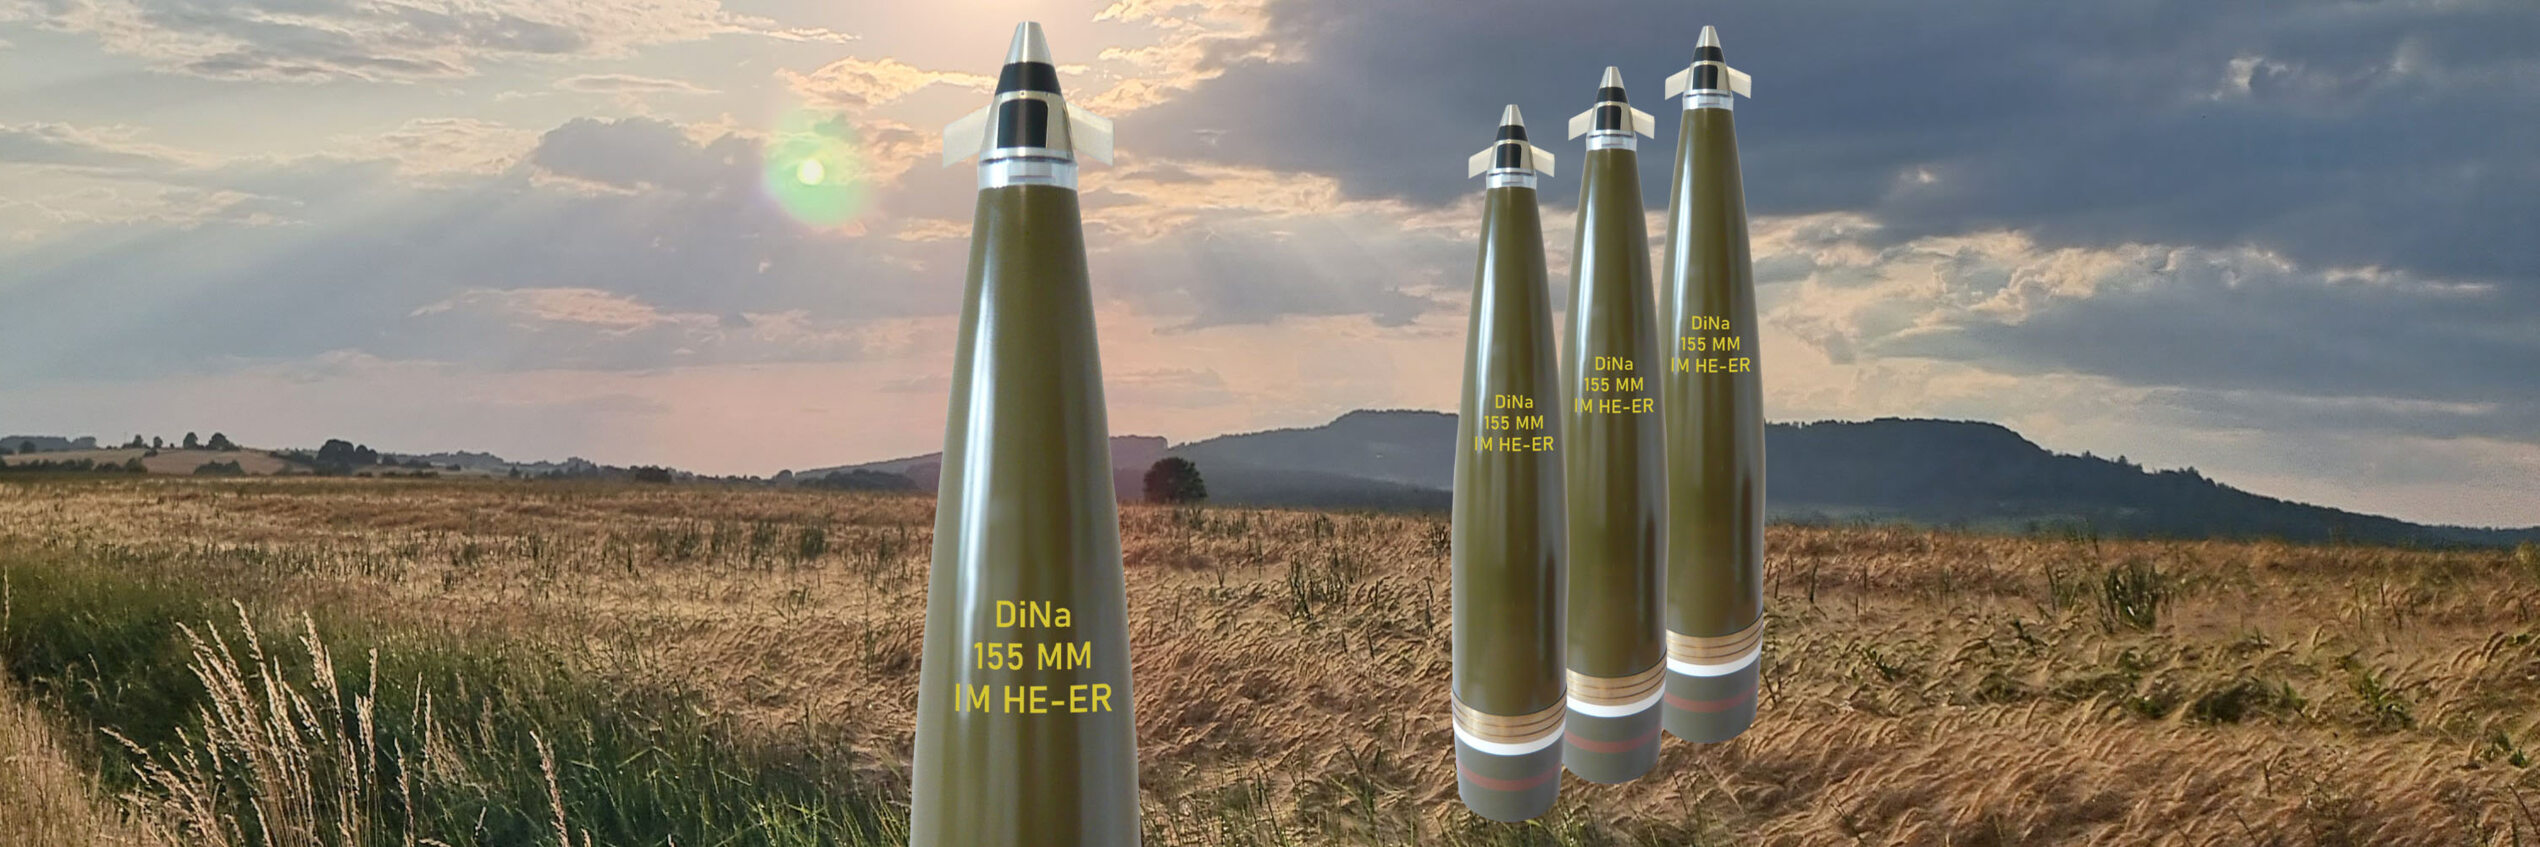 Deutschland beschafft 155mm Artilleriemunition
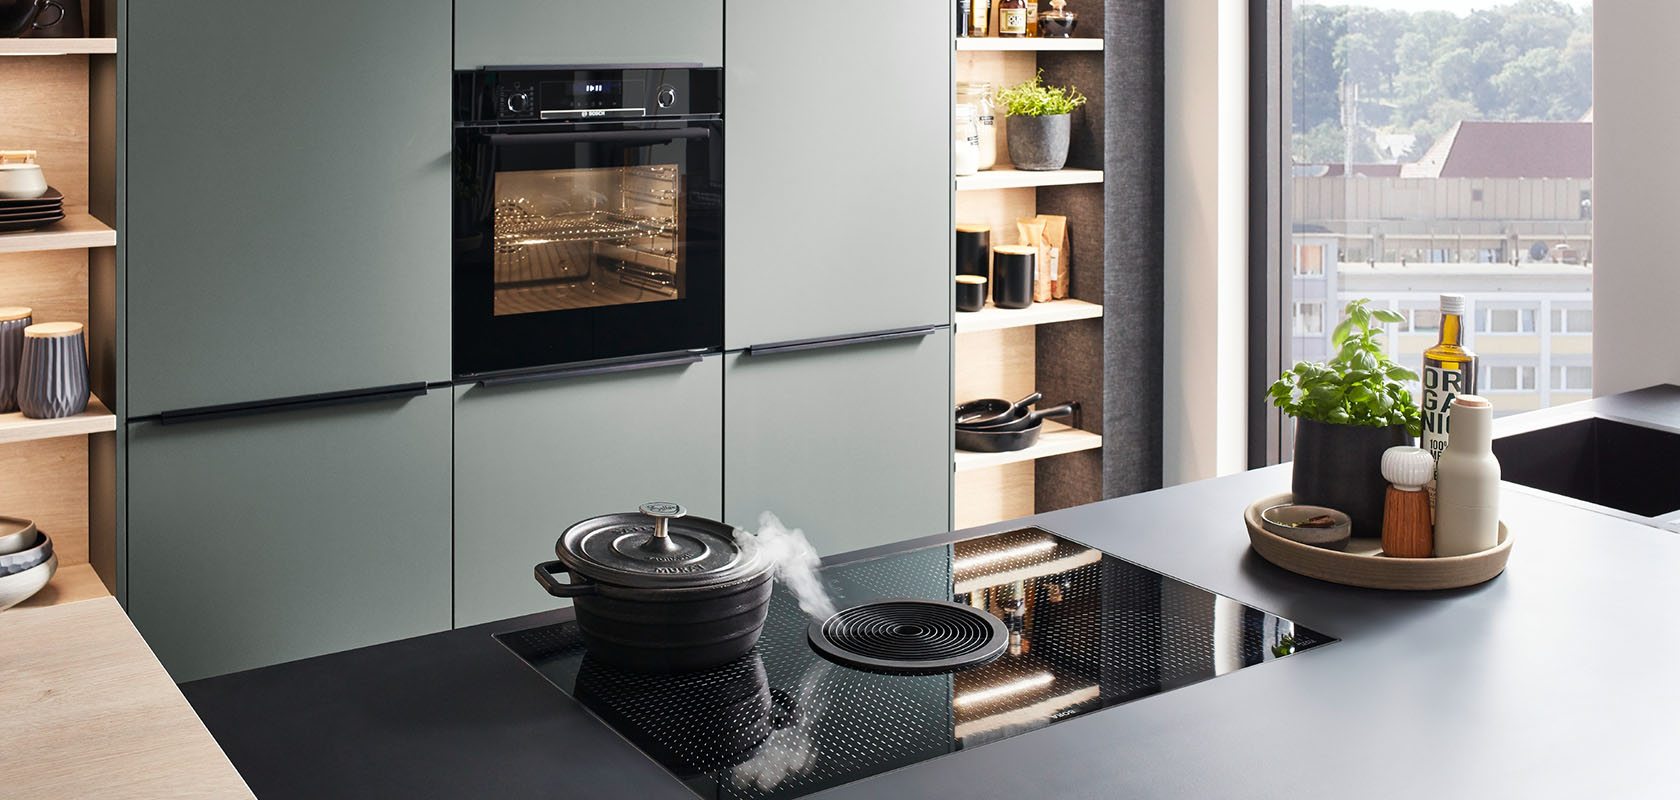 Intérieur de cuisine moderne avec des armoires vertes élégantes, des appareils intégrés et une table de cuisson à induction sur un comptoir sombre, dégageant un style et une fonctionnalité contemporains.
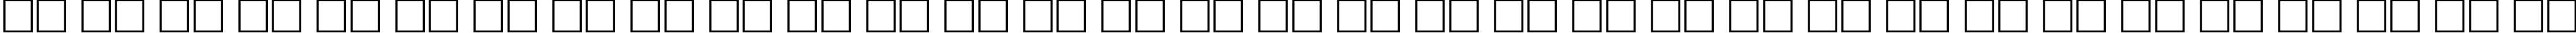 Пример написания русского алфавита шрифтом Kringle Regular
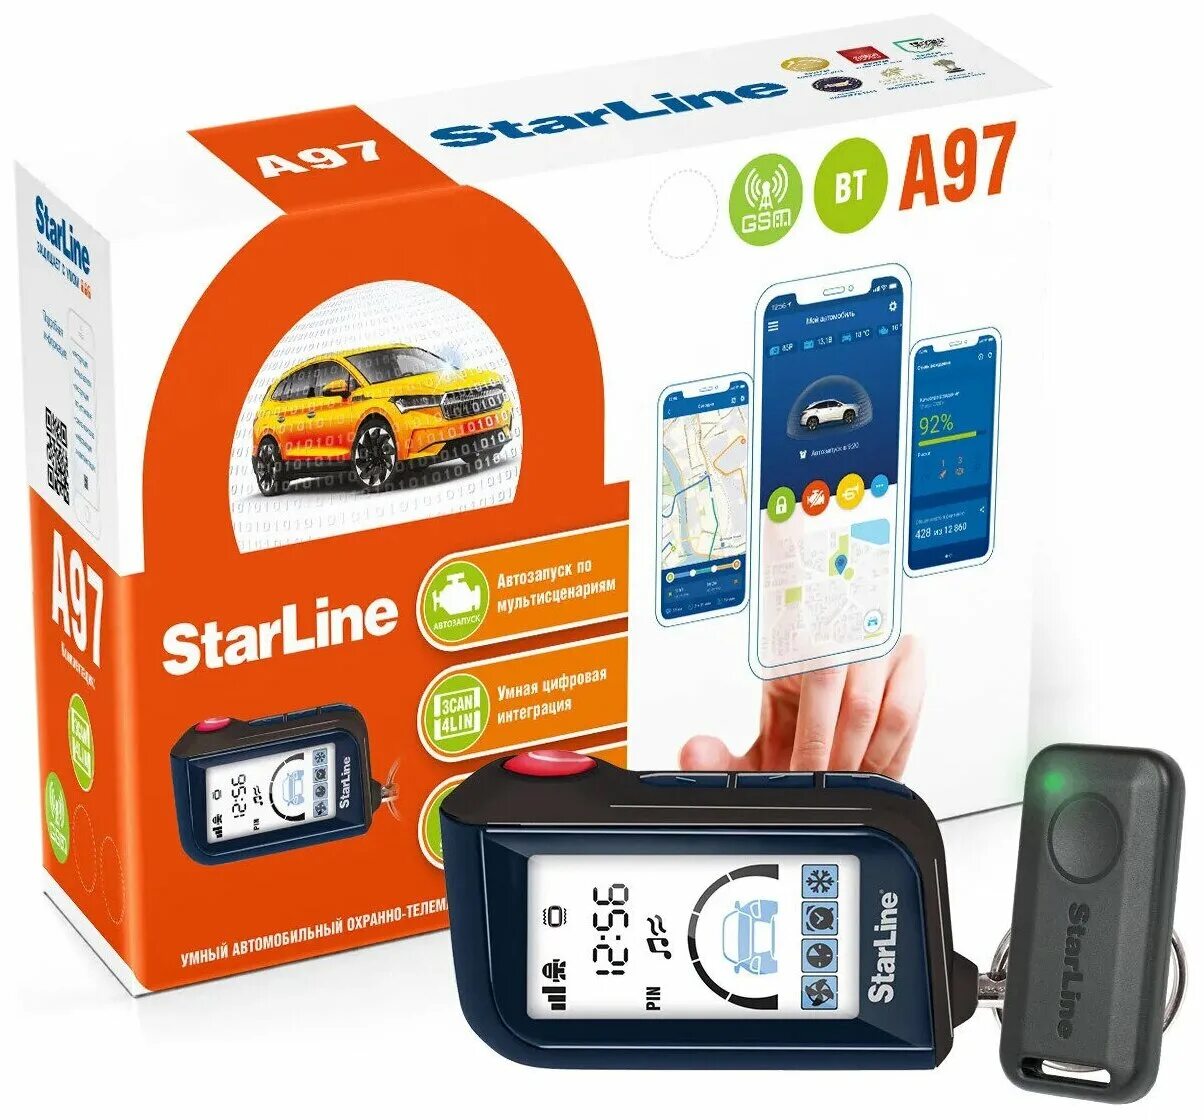 Старлайн с gsm модулем и автозапуском. Сигнализация STARLINE a97 BT GSM. STARLINE a97 GSM/GPS. STARLINE a96 охранно-телематический комплекс. B97 STARLINE LTE GSM.

### [Your objective]
Drop the pictures, then repeat the material word for word.

### [Response]
 Deutschland beschafft 155mm Artilleriemunition
 Intérieur de cuisine moderne avec des armoires vertes élégantes, des appareils intégrés et une table de cuisson à induction sur un comptoir sombre, dégageant un style et une fonctionnalité contemporains.
 Пример написания русского алфавита шрифтом Kringle Regular
 Старлайн с gsm модулем и автозапуском. Сигнализация STARLINE a97 BT GSM. STARLINE a97 GSM/GPS. STARLINE a96 охранно-телематический комплекс. B97 STARLINE LTE GSM.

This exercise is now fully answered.